Javascript confusion over variables defined by reference vs value

Question

I understand the following property of the javascript language:

var bar = 1;
var foo = bar;
bar = "something entirely different";
// foo is still 1

However, when trying to apply this logic to an object it seems to act differently:

var bar = {};
bar.prop = 1;
var foo = bar;
bar.prop = "something entirely different";
// foo.prop now changes to "something entirely different"
// but...
bar = "no longer an object";
// now foo remains an object with the prop property

Can someone tell me what's happening and why there is a difference?

Answer 1

Let's take it line by line:

var foo = bar;

All that names of objects do is hold addresses in memory. So in this statement, you are making foo hold the same memory address as bar. If for example bar was holding 0xFF, then via the assignment you would make foo also hold 0xFF.

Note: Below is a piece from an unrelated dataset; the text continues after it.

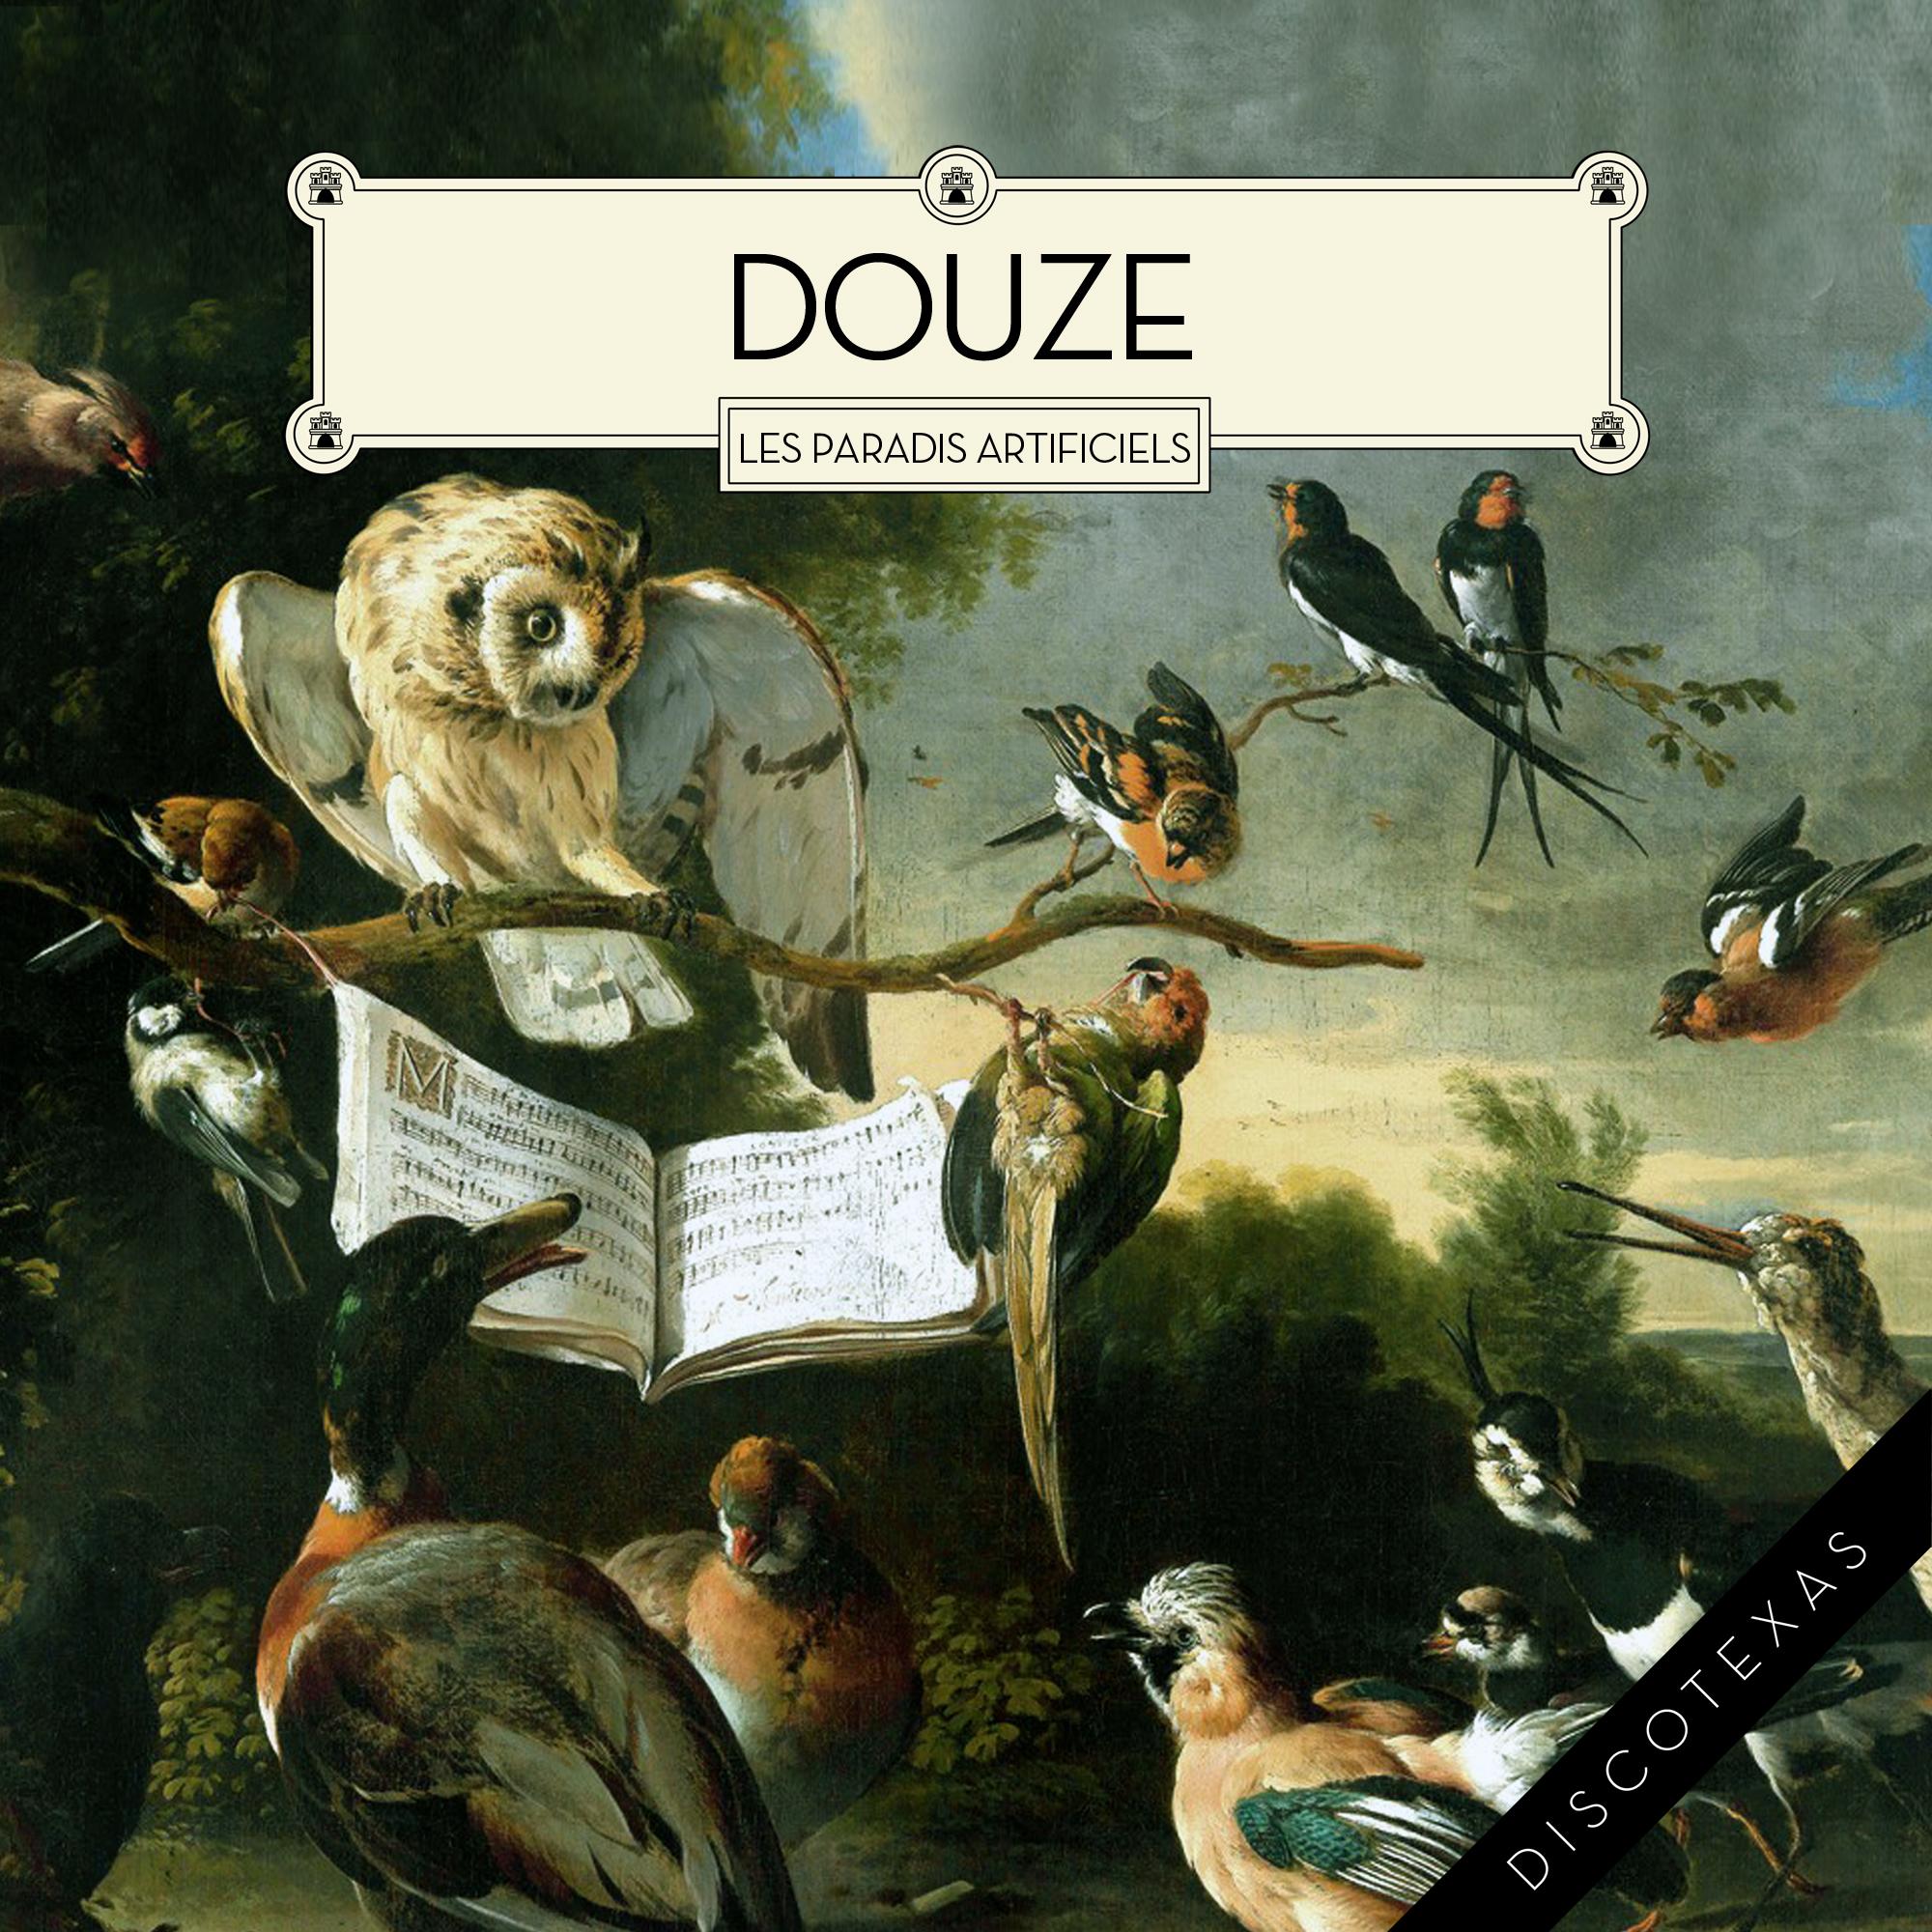 DT003: Douze - Les Paradis Artificiels

However, keep in mind that bar and foo are two distinct objects, they happen to just hold the same address in memory.

Now, since they do happen to hold the same address in memory, mutating members of bar will also affect the members of foo because they are bound to the same object.

bar.prop = "something entirely different";  // affects foo.prop also

However, here is the key point to remember:

Assignment only changes what the name of the object is bound to, and does not affect any other objects.

In other words, the statement below made bar hold a different memory address, but this does not affect foo.

bar = "no longer an object"; // Made bar hold a different memory address

Now, explaining the quote:

Javascript is always pass by value, but when a variable refers to an object (including arrays), the "value" is a reference to the object.

Take this example:

function f(obj1, obj2)
{
    obj1.prop = 10;
    obj2 = {prop: 20};
}

var bar = {prop: 1};
var foo = {prop: 2};
f(bar, foo);
console.log("bar.prop: " + bar.prop + ", foo.prop: " + foo.prop);

This prints outs: bar.prop: 10, foo.prop: 2. Inside function f, obj1 holds the same memory address as bar and obj2 holds the same memory address as foo. However, only bar is affected because inside f only altering members of objects are reflected and assignment obj2 = {prop: 20}; only affects the local variable obj2 not foo.

In other words, the "value" is a reference to an object means, altering members affects the referenced object but assigning only affects the local variable.

Answer 2

In the first code you define the Var bar as variable.

in the second code you define it as an object.

The variables take a place in the memory;so when you define foo from bar its will be the same type as variable and will reserve a new memory location; and when you use equal operator you are replacing the data content of this variable.

The object in the second sample code on initialize will point (as pointer) to a memory location that will contain the data of this object; and when you define foo from bar its will be the same type as object and will point to the same memory location; so changing one of these two reference object value will reflect on the other one.

Answer 3

That's correct. When you assign a variable to an object, you're really creating a second reference to that object. In the first case, what you're doing is assigning bar to point at the string foo points to, but then you change what bar points to when you reassign bar.

In the second example, you assign bar to a new object, then you point foo at that same object, then you reassign bar to a string. foo is still pointed at the same object.

Think of it like this: bar = "something" is changing what bar points to, not changing the actual object {} to a string.

This article is a fairly good explanation of what you're seeing. I'm looking for even better / more authoritative references, however.